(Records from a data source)
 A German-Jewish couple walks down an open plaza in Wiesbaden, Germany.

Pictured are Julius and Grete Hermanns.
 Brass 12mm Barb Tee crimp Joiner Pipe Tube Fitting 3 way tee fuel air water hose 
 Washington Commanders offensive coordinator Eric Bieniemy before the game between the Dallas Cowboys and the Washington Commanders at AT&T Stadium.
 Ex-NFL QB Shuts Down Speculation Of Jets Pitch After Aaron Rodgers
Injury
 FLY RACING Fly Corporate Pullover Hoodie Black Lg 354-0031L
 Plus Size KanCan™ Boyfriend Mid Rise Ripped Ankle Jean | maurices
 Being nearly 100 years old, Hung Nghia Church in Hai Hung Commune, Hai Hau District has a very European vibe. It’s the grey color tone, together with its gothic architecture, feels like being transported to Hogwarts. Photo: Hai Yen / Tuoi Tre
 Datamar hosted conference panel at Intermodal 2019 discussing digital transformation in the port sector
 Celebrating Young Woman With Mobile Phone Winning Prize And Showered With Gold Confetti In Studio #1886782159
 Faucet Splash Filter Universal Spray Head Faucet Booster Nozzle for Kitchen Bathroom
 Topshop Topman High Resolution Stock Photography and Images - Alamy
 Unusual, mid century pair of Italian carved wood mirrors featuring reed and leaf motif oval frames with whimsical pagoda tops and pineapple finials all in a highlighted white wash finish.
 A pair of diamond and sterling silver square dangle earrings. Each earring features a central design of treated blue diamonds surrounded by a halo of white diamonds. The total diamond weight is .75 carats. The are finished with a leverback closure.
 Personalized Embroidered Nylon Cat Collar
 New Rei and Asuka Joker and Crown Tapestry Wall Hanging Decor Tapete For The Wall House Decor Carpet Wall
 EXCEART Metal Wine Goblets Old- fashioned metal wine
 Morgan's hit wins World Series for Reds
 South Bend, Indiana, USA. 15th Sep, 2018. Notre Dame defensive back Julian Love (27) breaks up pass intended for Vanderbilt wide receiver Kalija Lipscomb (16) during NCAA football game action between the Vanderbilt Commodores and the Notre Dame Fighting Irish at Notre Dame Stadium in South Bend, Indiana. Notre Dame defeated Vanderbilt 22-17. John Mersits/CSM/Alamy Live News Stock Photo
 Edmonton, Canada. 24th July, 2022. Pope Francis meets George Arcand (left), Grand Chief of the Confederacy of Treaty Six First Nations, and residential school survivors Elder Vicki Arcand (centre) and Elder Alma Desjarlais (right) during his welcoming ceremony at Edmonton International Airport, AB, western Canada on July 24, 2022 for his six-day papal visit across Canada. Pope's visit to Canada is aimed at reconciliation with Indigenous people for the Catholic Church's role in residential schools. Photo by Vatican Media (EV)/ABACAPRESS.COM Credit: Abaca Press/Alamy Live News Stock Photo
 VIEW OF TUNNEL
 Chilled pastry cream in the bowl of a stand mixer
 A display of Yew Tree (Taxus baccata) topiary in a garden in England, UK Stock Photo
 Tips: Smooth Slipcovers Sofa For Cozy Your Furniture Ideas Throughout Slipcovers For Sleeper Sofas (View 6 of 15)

(TASK REQUIREMENTS) Where in the records above does the word "pair" appear? Copy each line that holds it.

(ANSWER FOR THIS EXERCISE)
 Unusual, mid century pair of Italian carved wood mirrors featuring reed and leaf motif oval frames with whimsical pagoda tops and pineapple finials all in a highlighted white wash finish.
 A pair of diamond and sterling silver square dangle earrings. Each earring features a central design of treated blue diamonds surrounded by a halo of white diamonds. The total diamond weight is .75 carats. The are finished with a leverback closure.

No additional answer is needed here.